La fiducia è alta, i consumi tengono, l’occupazione aumenta, i salari pure e l’economia è solida e figlia di un’espansione globale senza precedenti si sente ripetere.

Un’economia globale rianimata dall’onda deflazionistica del mercato del lavoro dei paesi emergenti, lavoro sfruttato e umiliato talvolta, un’economia drogata dall’ingegneria finanziaria e dalle alchimie senza limite.

Era normale in questa nuova era, in quest’epoca di innovazione finanziaria progettare e dar vita ad acquisizioni e fusioni al limite della metamorfosi, operazioni senza rischio, diluite attraverso il mercato, con uso della leva esponenziale.

Si corre veramente il rischio oggi di ripetere sempre e solo le stesse cose, oggi che la consapevolezza è totale, figlia di un ripensamento globale, sorella di un’ondata di panico, di contrazione del credito.

Oggi è il tempo della riflessione, analisti, economisti, alchimisti finanziari, uomini di governo e istituzioni finanziarie, dopo aver benedetto la liquidità, l’innovazione finanziaria, gli hedge e i private equity, si accorgono tutto ad un tratto che tutto finisce, nulla è per sempre.

Ed ecco allora come in una grande fiaba, tutti in fila a cercare un senso a tutto ciò, a cercare di capire il perchè di questa improvvisa avversione al rischio.

Un battito d’ali di una piccola farfalla o il movimento di un elefante che ha camminato per mesi e mesi tra la cristalleria di questa era fragile e figlia dell’edonismo finanziario!

Come sempre accadde, spesso in passato si sono levati gli scudi a difesa di questo sistema, in verità molti studi ed avvertimenti sono piovuti sui mercati, ma nessuno vi ha mai creduto realmente, simulazioni di stress, organizzazioni atte a verificare i potenziali rischi sistemici, ma alla fine un solo fattore conta nelle tendenze economiche e finanziarie: La liquidità! 

E pensare che qualcuno è riuscito a ricevere un premio Nobel, per l’invenzione di formule matematiche, algoritmiche, alchimiche che alla fine non sono riuscite a far si che l’ultimo esempio di  crisi sistemica, la leggenda del LTCM, potesse trascinare con se l’intero mercato finanziario.

CDO, CDOs, CLO, CLOs,CMO e tutto ciò che è stato inventato per mettere in piedi la più imponente Torre di Babele finanziaria che la storia ricordi, stà semplicemente frantumandosi per la mancanza di liquidità, la mancanza di certezze, di sicurezza quella stessa sicurezza che le istituzioni non hanno saputo offrire.

In sintesi una colpevole mancanza di informazione, quella stessa struttura che secondo il premio Nobel Kenneth Arrow condiziona sensibilmente la possibilità di avere una certa consapevolezza dei rischi che vengono allocati dal mercato.

Io aggiungerei una consapevolezza che forse potrebbe essere sostituita dalla saggezza, dall’esperienza.

Ricordatevi che sempre e comunque la semplicità avrà ragione della complessità di un sistema che inventa strumenti di cui non conosce l’effettiva validità e utilità esso, al di là del profitto.

Oggi sono usciti i dati relativi all’occupazione americana, niente di trascendentale o tragico, ma come sempre riesce difficile comprendere come un’economia di revisione, possa sopportare questo continuo stilicidio di dati che lasciano il tempo che trovano.
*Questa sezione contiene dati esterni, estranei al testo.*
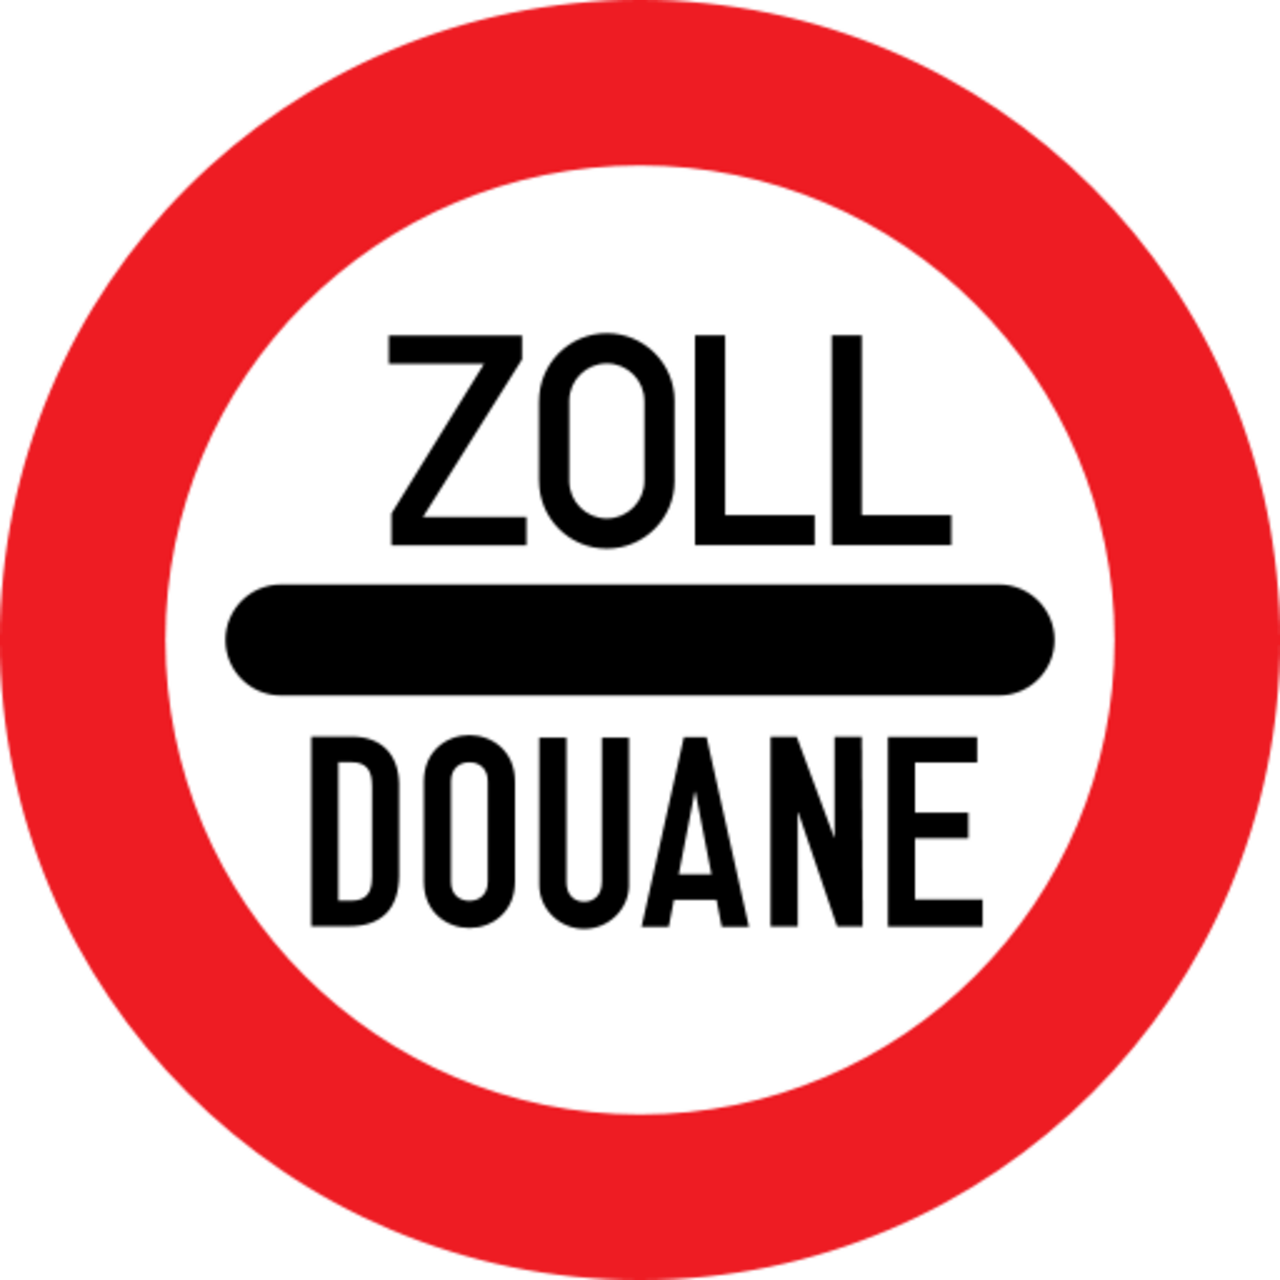 Zoll – Douane sign

Ormai anche i dati comunicati dalla Automatic Data Processing che escludono il settore statale e quelli del Bureau of Labour Statistics divergono sensibilmente, dimostrando che l’occupazione americana è figlia di statistiche che come abbiamo visto in passato sono parte di un’illusione più grande.

In questi giorni di riflessione si sente parlare spesso di profitti, di piena occupazione, di boom globale ma dimenticando spesso che ora che i consumi americani stanno soffrendo sensibilmente, che quelli europei restano fondamentalmente anemici e che nei paesi asiatici sono un fantasma che alimenta i surplus di bilancio anche la stagione dei profitti stà giungendo al termine, un termine fisiologico ma se sottovalutato ancor più pericoloso.

Una navigazione in acque placide quasi stagnanti, dovrà d’ora in poi fare i conti con la leggenda di Scilla e Cariddi, una navigazione nervosa, tra gorghi e mulinelli del celebre stretto di Messina, un’epoca dove l’amore per il rischio globale, hedge e private equity, istituti finanziari e mutuatari, speculatori ed investitori, governi e stati sovrani dovrà essere sostituito da un’indebitamento sostenibile.

Che ne sarà della conclamata iniziativa del governo cinese che ha investito parte del suo surplus di bilancio, nella regina dei private equity, Blackstone la quale ha perso circa un quarto del suo valore dal suo trionfale ingresso in borsa.

Non starò a ripetervi le continue revisioni al ribasso da parte delle agenzie di rating, non vi ricorderò gli innumerevoli segnali di contagio non solo finanziario ma anche e specialmente economico del fenomeno subprime, ma ricordo solo che questa è un’onda d’urto che sta solo ora dispiegando la sua forza, un’onda di cui nessuno conosce le possibili devastazioni.

I fatti di questi giorni sono solo segni del tempo, la fine di un ciclo, la tempesta della new economy ha lasciato il posto alla quiete di questi ultimi anni e dopo questa tempesta ne arriverà un’altra e forse un’altra ancora, seguite da momenti di riflessione che in fondo sembrano non portare a nulla.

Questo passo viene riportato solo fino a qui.